Thumb – 22% Dos Consumidores Sabem Em Qual Loja Vão Comprar Na Black Friday; Veja Como Destacar Seu Negócio

22% dos consumidores sabem em qual loja vão comprar na Black Friday; veja como destacar seu negócio

Uma pesquisa divulgada nesta terça-feira (25/10) pelo Google Brasil e Offerwise aponta que 6 em cada 10 brasileiros já pesquisam o que comprar na Black Friday. No entanto, desse total, apenas uma média de 22% dos consumidores definiu em qual loja deve comprar seu item de desejo. Com isso, segundo a análise do Google, ainda há espaço para os consumidores serem captados pelo varejo.

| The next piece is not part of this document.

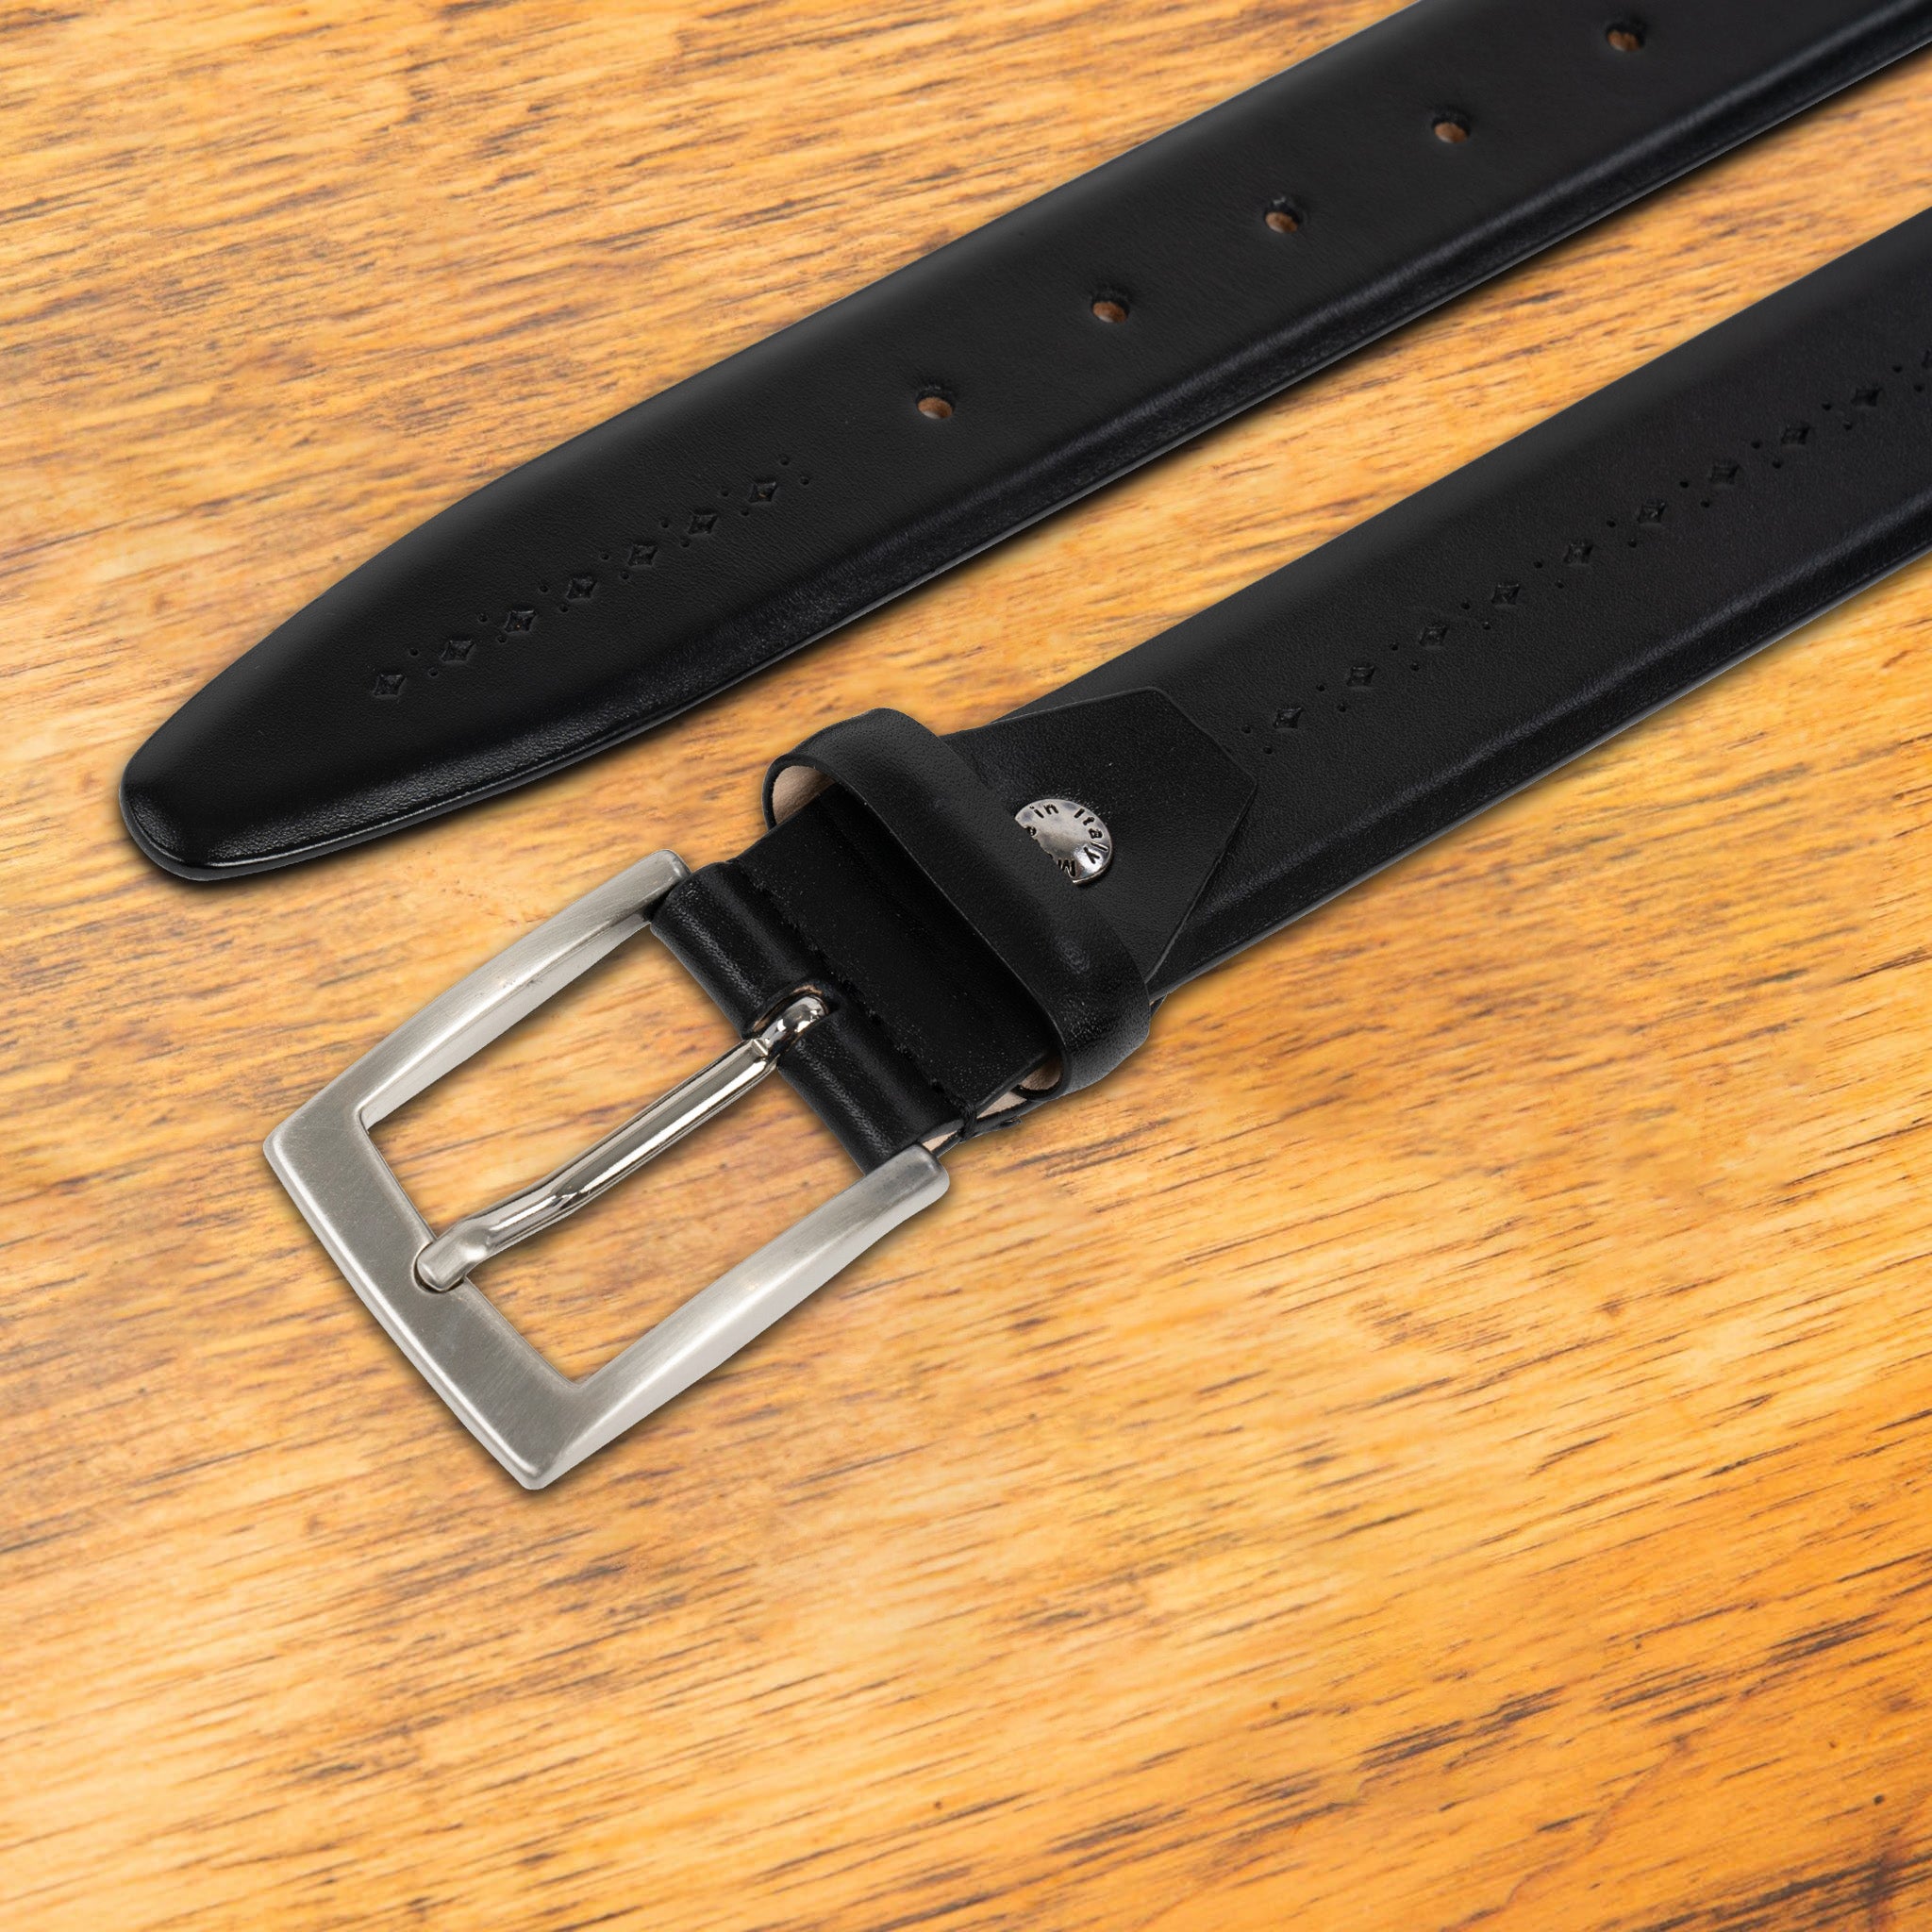 Calzoleria Toscana C1499 Saffiano Leather Belt

“Uma das coisas mais interessantes que vemos na pesquisa é que tem muita gente indecisa. Dizemos aos nossos clientes [varejistas] que ainda há muitas boas oportunidades de tomar a cabeça do consumidor”, afirmou Gleidys Salvanha, diretora de negócios para varejo do Google Brasil, em uma mesa redonda sobre o tema, que reuniu representantes do varejo e serviços.

A pesquisa foi conduzida por painéis online entre 3 a 7 de outubro. No levantamento, 500 brasileiros foram entrevistados sobre sua intenção de consumo para a Black Friday. Entre os segmentos mais desejados, destacam os eletrônicos-se, que são alvo das pesquisas antecipadas de em média 82,6% dos consumidores brasileiros entrevistados. Esse grupo inclui games, celulares, TVs, computadores, tablets e outros eletroportáteis.

O clima de Copa do Mundo também influencia. “O brasileiro que trocou a TV em 2014, com a Copa no Brasil, está sedento por atualizar o aparelho, que hoje tem de ser compatível com os streamings e aplicativos”, disse Ilca Sierra, vice-presidente de marketing e experiência da Via, grupo do qual fazem parte as varejistas Casas Bahia e Ponto.

Depois dos eletrônicos, os brasileiros têm pesquisado por itens de cuidados para bebês (75%), móveis (74%), e beleza, perfumaria, pets e eletrodomésticos (73%).

Como captar os clientes indecisos para sua loja

Segundo os representantes de varejo e serviços presentes no painel, é preciso montar uma estratégia para ser reconhecido pelo seu público-alvo como a loja em que será feita a compra de Black Friday.

“A marca tem que ter um lugar especial na cabeça das pessoas também no pós-Black Friday”, afirmou Vinicius Faria, coordenador de marketing da Pearson para América Latina. Representante do setor de educação, Faria citou que a Wizard, como escola de idiomas, vende inscrições de cursos no começo e no meio do ano, pela sazonalidade do setor – assim, a Black Friday e a semana após a data funcionam como um momento interessante para venda antecipada das aulas com desconto para o próximo ano.

Segundo a representante da Via, o foco em campanhas de divulgação de sua loja é o caminho do sucesso, sendo possível mesmo para o pequeno negócio. “Para conseguir ser ouvido, visto e ficar marcado na cabeça dos consumidores, é preciso criatividade. Nem sempre os maiores orçamentos são a bala de prata. É preciso criar uma estratégia de mídia eficiente, com uma mensagem diferenciada para o seu nicho”, afirmou Sierra.

Taísa Bornhofen, diretora comercial do e-commerce de moda DBR Posthaus, concorda que o orçamento não é o centro do sucesso quando se trata de conquistar clientes. “Na Posthaus, dividimos nossa verba por estratégias. Neste ano, começamos cedo a fazer a campanha de downloads do nosso aplicativo. Em outra ação, focamos uma campanha para aquisição de leads. Já uma outra estratégia é a das influencers, que aumentam nosso número de seguidores.”

Citando os dispositivos de marketing do Google, Fernanda Bromfman, líder de commerce para médias empresas do Google Brasil, afirmou que é importante que a loja ou marca saiba em qual momento deve aparecer na jornada do seu potencial consumidor.

“Trabalhamos com nossos clientes do varejo sobre qual o momento ideal para ele falar com o consumidor: topo de funil, meio ou final, especialmente para pequenos e médios negócios, pensando na eficiência de mídia. O digital dá essa possibilidade de ter eficiência e encaixar o seu cliente no momento que importa para ele e interessa sua marca”, afirmou Bromfan, citando como exemplo os anúncios gerados no YouTube ou em outras plataformas do Google.